The midlevels seem to have the same problems as any other institution and the office staff are pretty bad. I know someone who was choked by a coworker at the VA and admin just moved the offender to a different department with zero other disciplinary action. The only thing that probably would have changed that outcome is if the victim filed criminal charges, which would have forced their hands.
 
I've seen MMPI results disappear that a seasoned psychologist administered after 6 months of treatment for baseline that did not align with a diagnosis given in 5 minutes by a social worker in charge, and colleagues yelling at patients for not agreeing with them. Social workers yelling at psychologists and psychiatrists changing medication on a social worker's "orders."
 
The only thing worse than a lazy diagnostician is a biased one. I do a lot of document review and have seen all sorts of trash Dxs, especially in the workers comp (WC) system. I’ve picked up a bunch of WC referrals bc I’ll review a treatment plan and treatment progress and provide recs…including doing differential diagnosis to correct trash Dxs. I’ll list out the required Dx criteria & how each one has or has not been met. It’s not rocket surgery, but it sure helps curb-stomp the trash Dxs floating out there.

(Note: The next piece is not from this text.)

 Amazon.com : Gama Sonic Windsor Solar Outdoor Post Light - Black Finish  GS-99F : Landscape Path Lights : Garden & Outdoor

The lack of rigor and lack of knowing the basics in documentation usually jumps off of the page of a review. Bipolar v BPD and adjustment disorder w anxiety v “anxiety” v PTSD are two of the most common. Their incompetence makes my reviews easier, but those providers are commonly failing their patients. They are largely midlevel providers, but still too many psychologists and psychiatrists who should know better.
 
The only thing worse than a lazy diagnostician is a biased one. I do a lot of document review and have seen all sorts of trash Dxs, especially in the workers comp (WC) system. I’ve picked up a bunch of WC referrals bc I’ll review a treatment plan and treatment progress and provide recs…including doing differential diagnosis to correct trash Dxs. I’ll list out the required Dx criteria & how each one has or has not been met. It’s not rocket surgery, but it sure helps curb-stomp the trash Dxs floating out there.

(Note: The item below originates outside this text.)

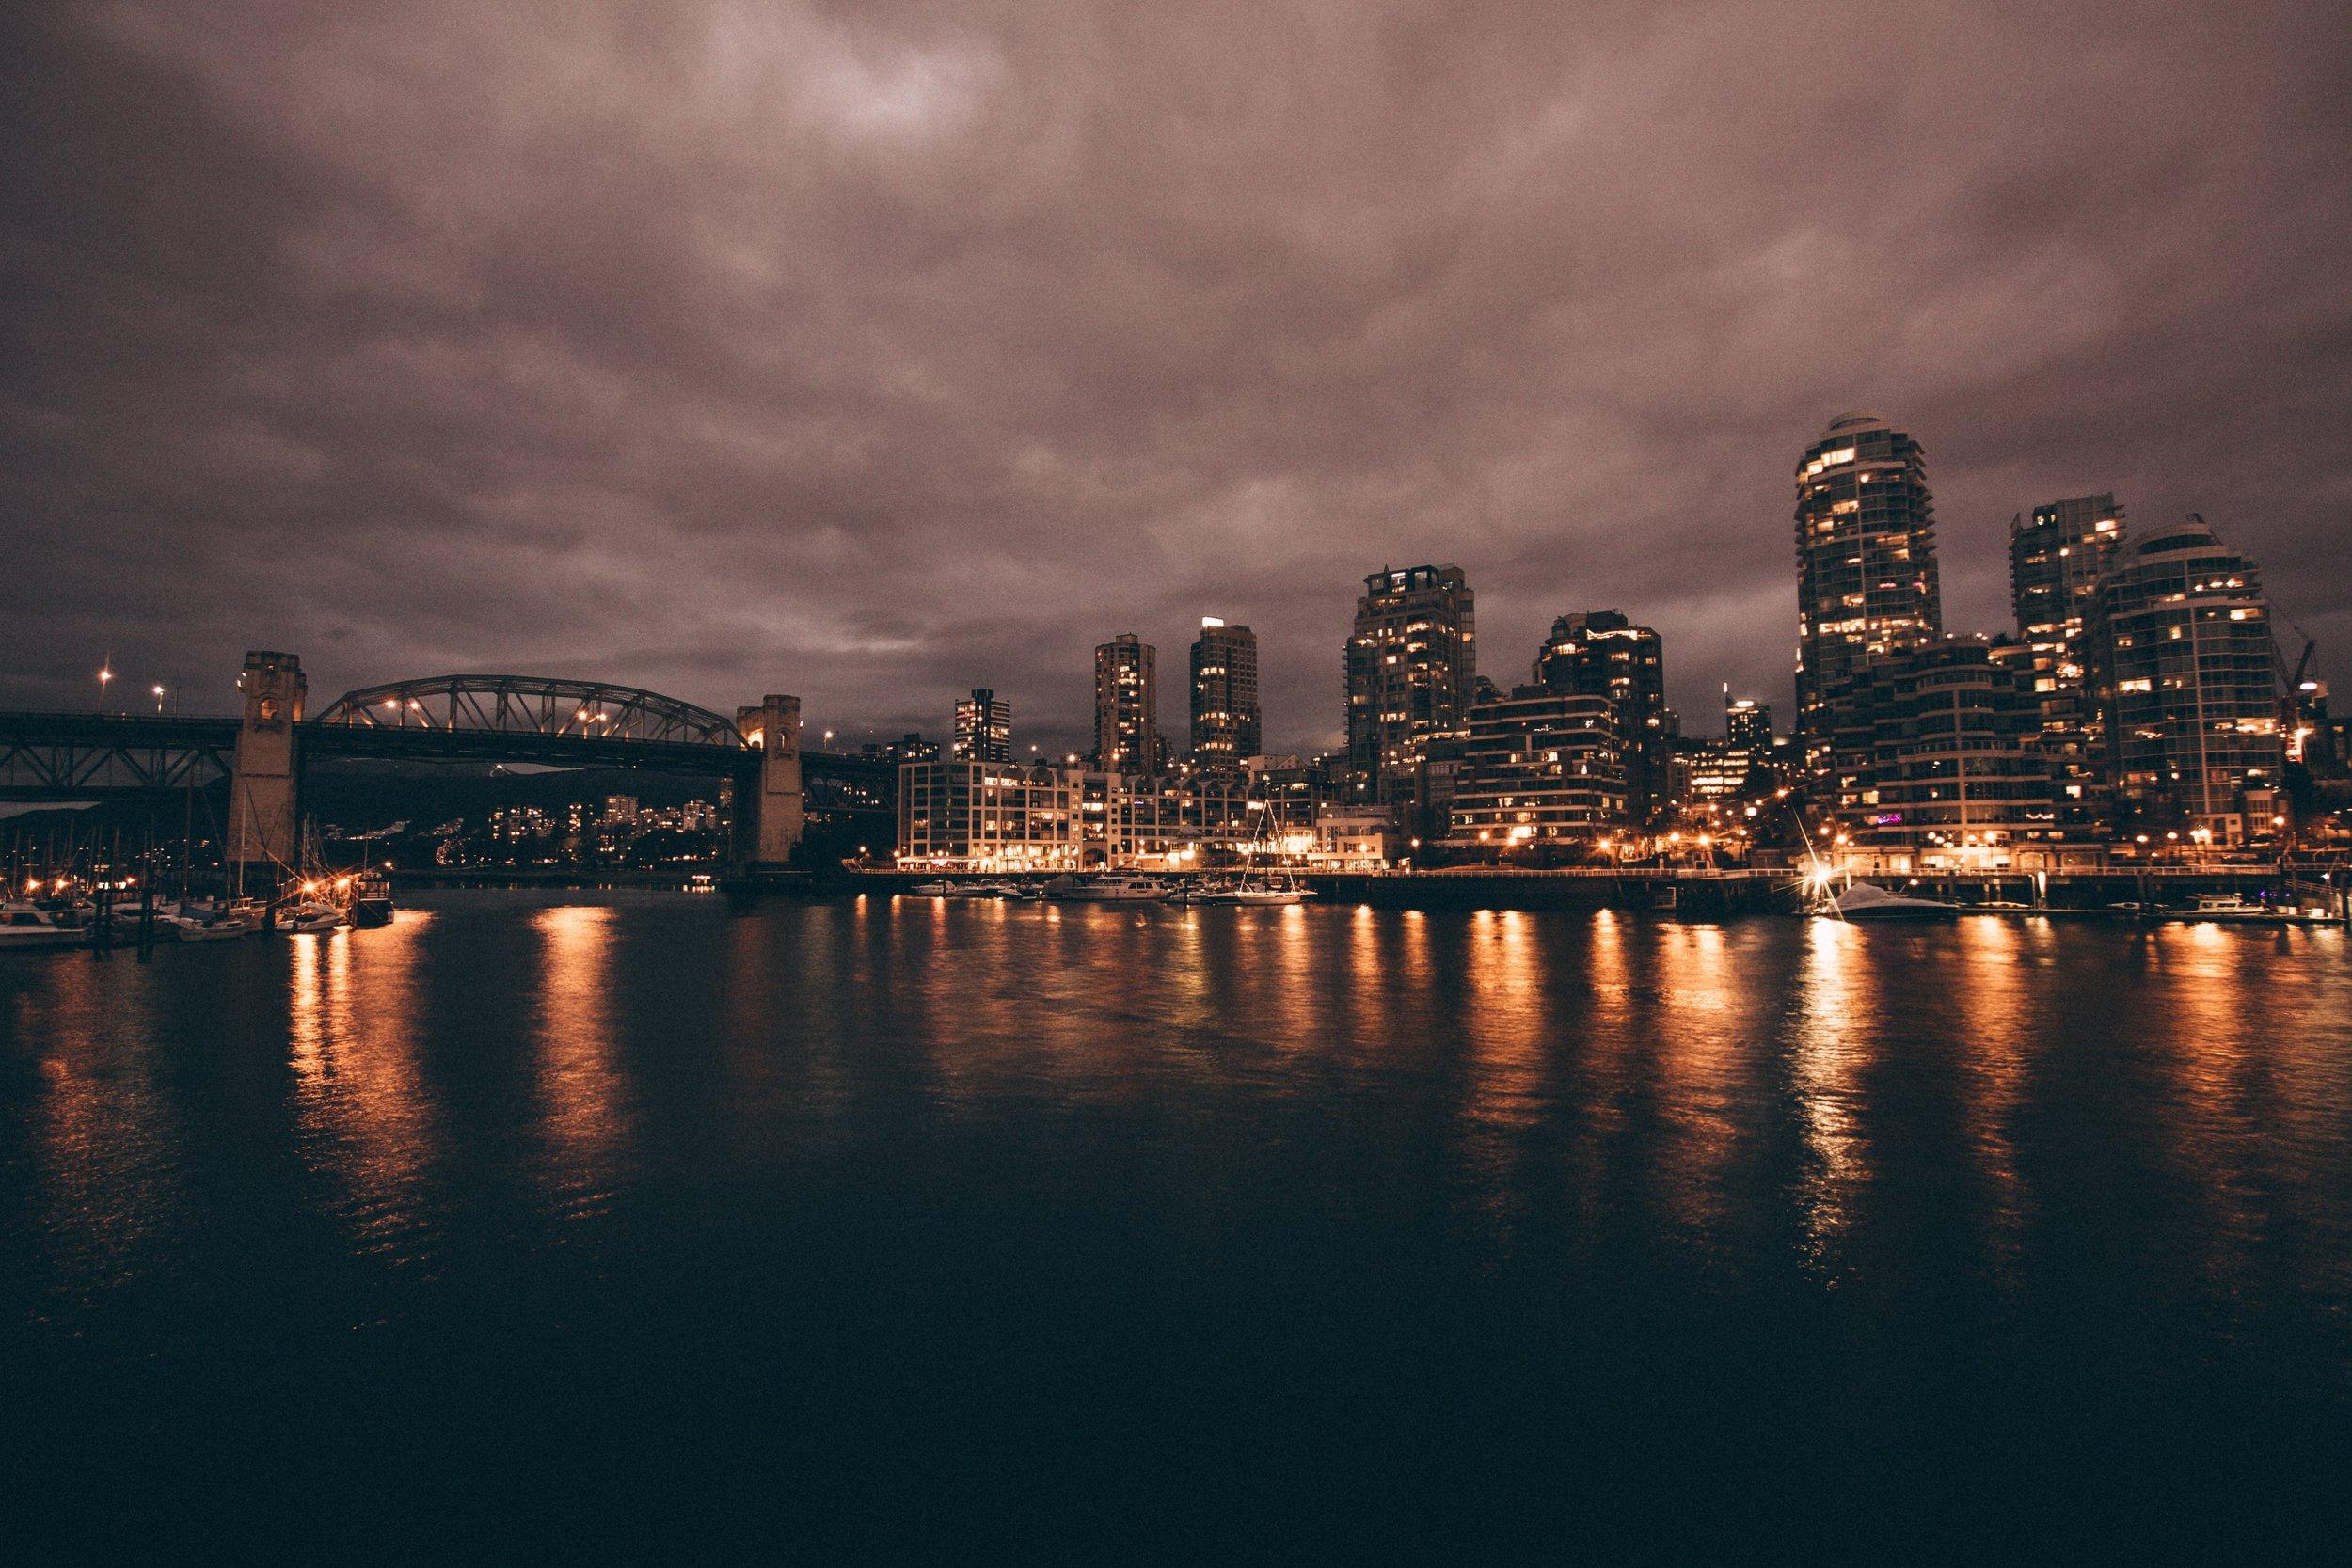 False Creek and Burrard Street Bridge, Vancouver

The lack of rigor and lack of knowing the basics in documentation usually jumps off of the page of a review. Bipolar v BPD and adjustment disorder w anxiety v “anxiety” v PTSD are two of the most common. Their incompetence makes my reviews easier, but those providers are commonly failing their patients. They are largely midlevel providers, but still too many psychologists and psychiatrists who should know better.
What happens to these providers after this sort of IME review and report?
 
What happens to these providers after this sort of IME review and report?

If it's anything like here, nothing. Most of these people get work purely because they will throw out trash diagnoses, especially in the PI IME world.